Former Lodi library director Nancy Martinez passes away

A photo of Nancy Martinez from about 10 years ago.

Dayna Martinez said her mother Nancy had always been a superhero to her, and that she still is, just days after her passing.

“She was, beyond any person I know, the smartest, bravest, most courageous person,” she said. “Now I feel unprotected. Most women feel protected by men in their lives, but I was protected by my mom.”

Nancy Martinez passed away Monday night after a very brief battle with cancer. She was 72.

Born in Utica, N.Y., Martinez graduated from the University of Michigan with a master’s degree in library sciences in the early 1970s.

Moving to Ogden, Utah and starting a family not long afterward, Martinez served as a librarian there before taking a similar position in San Jose in 1984.
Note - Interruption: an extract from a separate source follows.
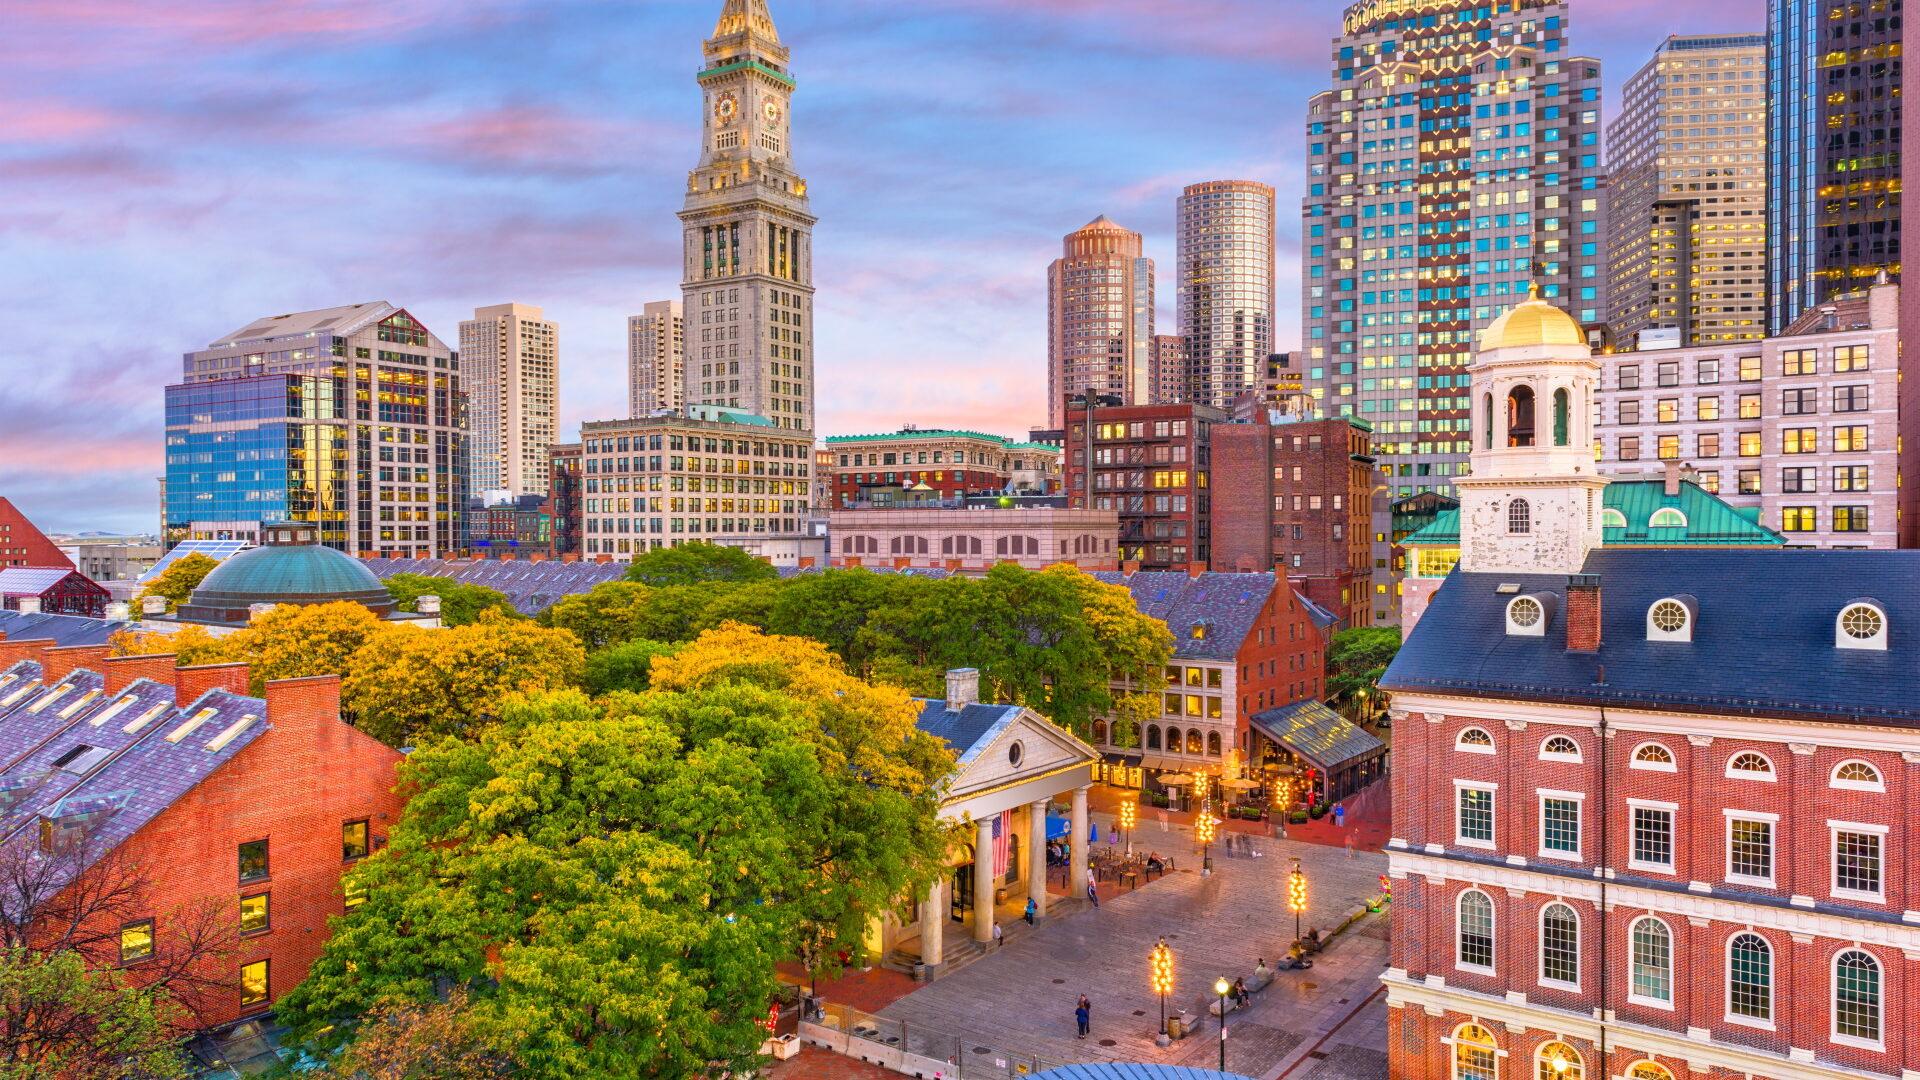 Frankfurt (FRA) – Boston (BOS)

About six years later, the family moved to Lodi, where Martinez was hired as the assistant library director.

“She was dedicated to that library,” Dayna Martinez said. “When the director retired and the board was looking for a new one, she didn’t put her name in the hat for the first round (of interviews). They ended up not hiring anyone, so my mom finally put her name in, and almost immediately they gave her the job. They saw her vision for the library, how she wanted to get it remodeled and get the collection up to date.”

Dorothy Maas worked with Nancy Martinez at the Lodi Public Library, and said the facility became more modernized under her leadership.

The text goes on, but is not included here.